Em travessia inédita, povos originários resgatam a memória da Baía de Guanabara
Às 13h30, o barco Águamãe deixou o cais da Praça XV, no centro do Rio de Janeiro, para uma travessia simbólica pelas águas da Baía de Guanabara. Mais do que um passeio, a jornada foi um reencontro com a história ancestral do lugar e uma reflexão sobre o futuro das relações entre humanidade e natureza.
Conduzido pelo ambientalista Ailton Krenak e pelo músico e pesquisador Mateus Aleluia, o percurso convidou o público a revisitar territórios que já abrigaram dezenas de aldeias indígenas e presenciaram a chegada dos colonizadores europeus e dos povos africanos escravizados. Hoje, essas águas misturam a memória dos antigos povos com o impacto da poluição e da exploração de petróleo, sem perder, no entanto, o vínculo com a pesca e o banho de mar.
A experiência, promovida pela Associação Selvagem Ciclo de Estudos — fundada por Krenak, Anna Dantes e Madeleine Deschamps —, foi aberta ao público mediante inscrição e integrou a programação da Temporada França-Brasil 2025, em parceria com o Museu do Amanhã e a Barcas Rio.
Durante o trajeto, apresentações musicais, performances e conversas deram voz às narrativas esquecidas da baía. Para a artista e jornalista Renata Tupinambá, o local é símbolo de acolhimento e ancestralidade. “A Guanabara é como um ventre que gera e protege. Ali estão guardadas histórias de povos e seres que ainda mantêm suas conexões espirituais com essas águas”, afirmou.
Renata declamou poemas e entoou cantos em tupi, relembrando que o povo Tupinambá, considerado extinto por séculos, foi oficialmente reconhecido novamente nos anos 2000. O retorno do manto Tupinambá ao Brasil, depois de permanecer na Dinamarca, representa para ela a prova viva da resistência cultural de seu povo.
O artista e líder espiritual Carlos Papá destacou a presença indígena no próprio vocabulário carioca. Nomes como Ipanema, Jacarepaguá e até a palavra “carioca” têm origem nas línguas nativas. “Muitos falam esses nomes sem saber o que significam. Revelar esses sentidos é resgatar a identidade escondida da cidade”, disse.
Papá também lembrou que as águas da baía abrigam inúmeros seres que compartilham o mesmo espaço com os humanos. Com a recuperação de algumas praias, como a do Flamengo, a vida marinha começa a retornar. “Quando entendemos que não estamos sozinhos — que há peixes, moluscos e crustáceos que dependem desse ecossistema —, passamos a agir com mais cuidado e respeito”, afirmou.

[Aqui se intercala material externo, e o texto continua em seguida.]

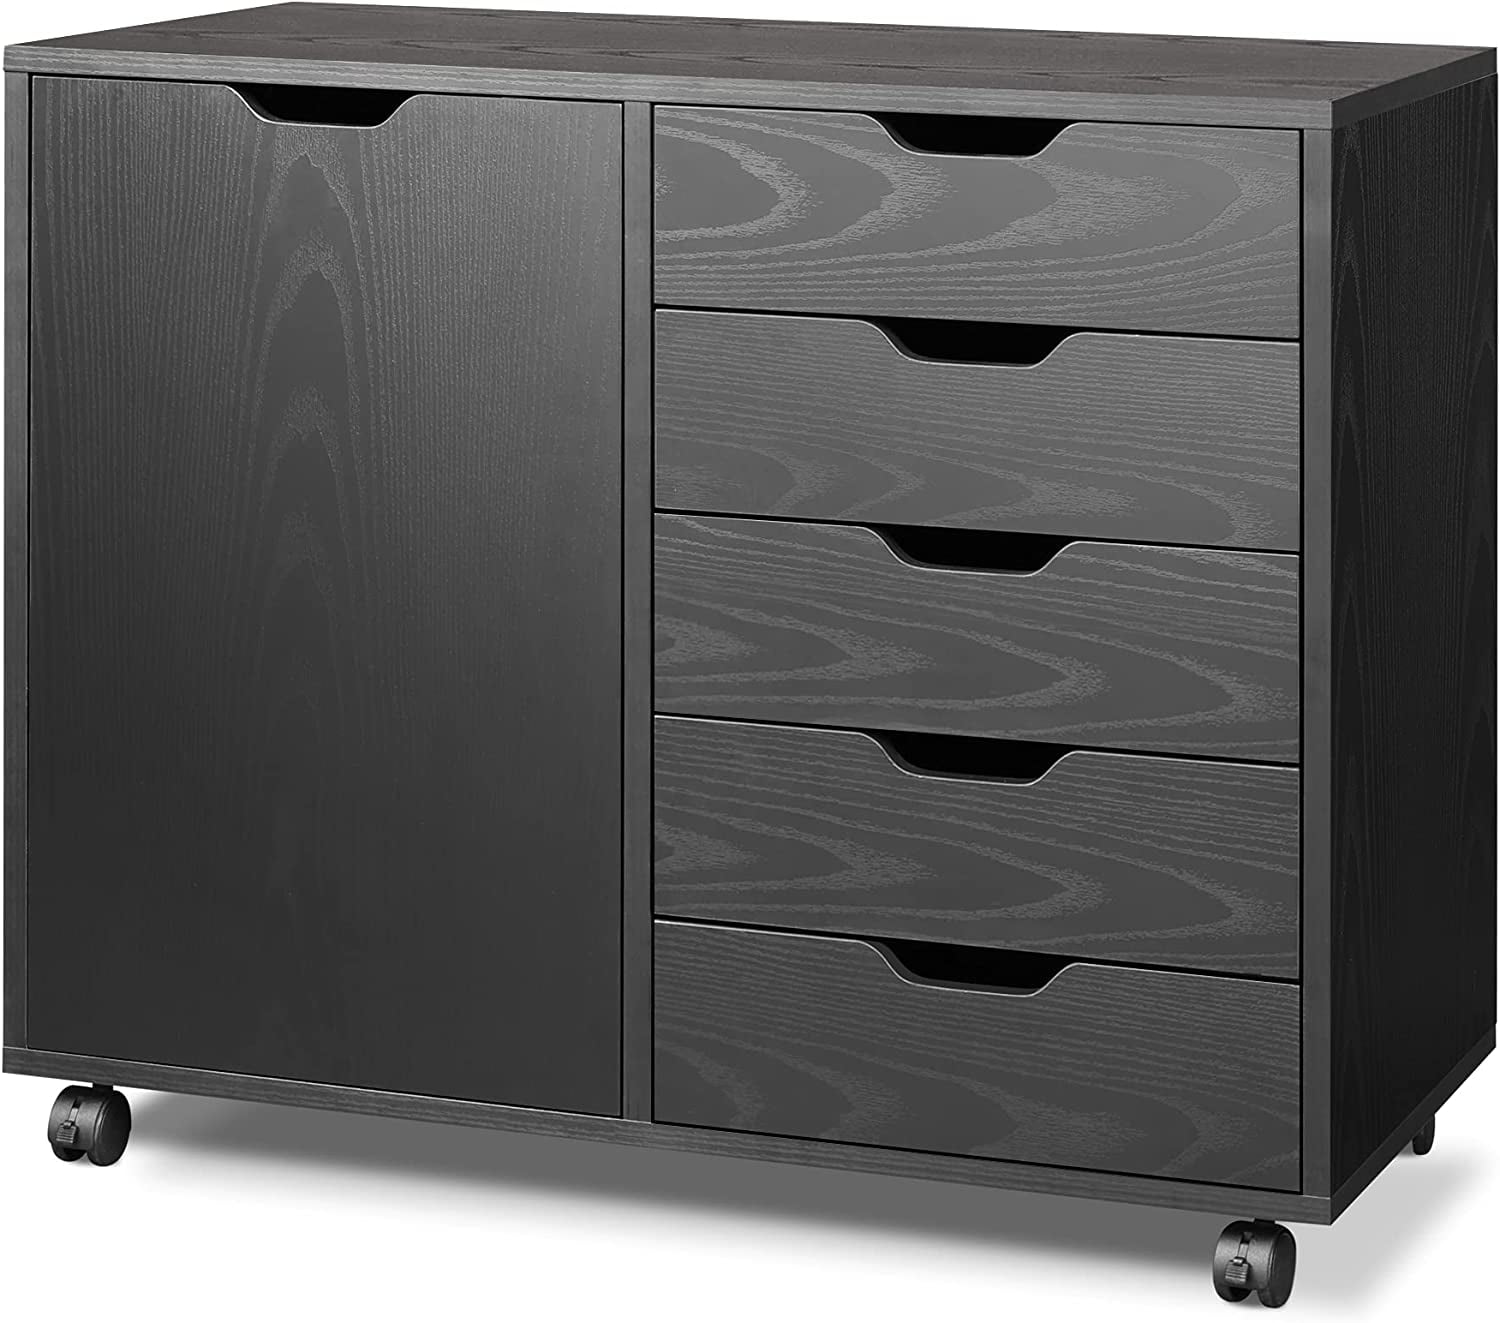 DEVAISE 5-Drawer Wood Dresser Chest with Door, Mobile Storage Cabinet, Printer Stand for Home Office, Black - Walmart.com

A educadora Cristine Takuá, do povo Maxakali, reforçou que os humanos têm muito a aprender com os demais seres vivos. “Abelhas, formigas, cotias vivem em cooperação. A humanidade, ao contrário, tem se distanciado dessa harmonia e causado feridas profundas na Terra. Precisamos reaprender a coexistir”, disse.
A Baía de Guanabara ocupa 337 quilômetros quadrados e abriga 40 ilhas. Recebe águas de 143 rios e córregos e já foi refúgio de baleias, rota de ouro e prata e, hoje, é um importante corredor econômico. Para povos amazônicos, como os Tukano e Dessano, ela está ligada a uma travessia mítica — o “Lago do Leite”, por onde passou a canoa-cobra, símbolo de transformação e origem.
Para a pesquisadora Anna Dantes, a história da baía reflete o modo como o país lida com seus recursos naturais. Ela recorda o desastre de 2000, quando um duto da Petrobras se rompeu, despejando mais de um milhão de litros de óleo nas águas. “Esse território carrega as marcas do modelo exploratório que moldou o Brasil e que ainda ameaça lugares como a Foz do Amazonas”, observou.
Às vésperas da COP30, que acontecerá em Belém, a antropóloga Nastassja Martin destacou a urgência de se ouvir os povos tradicionais. “São eles que convivem diariamente com essas águas e animais, que percebem as mudanças e sabem o que está em jogo. A crise climática é concreta e afeta a sobrevivência de todos”, afirmou.
Para Ailton Krenak, o caminho da humanidade precisa ser repensado. Em suas reflexões, ele diz que viver é, por si só, um ato sagrado, e que não é preciso deixar monumentos para provar a existência. “A vida já é um presente grandioso. Podemos passar pela Terra como pássaros que pousam, vivem e partem em silêncio, sem ferir o chão que nos sustenta.”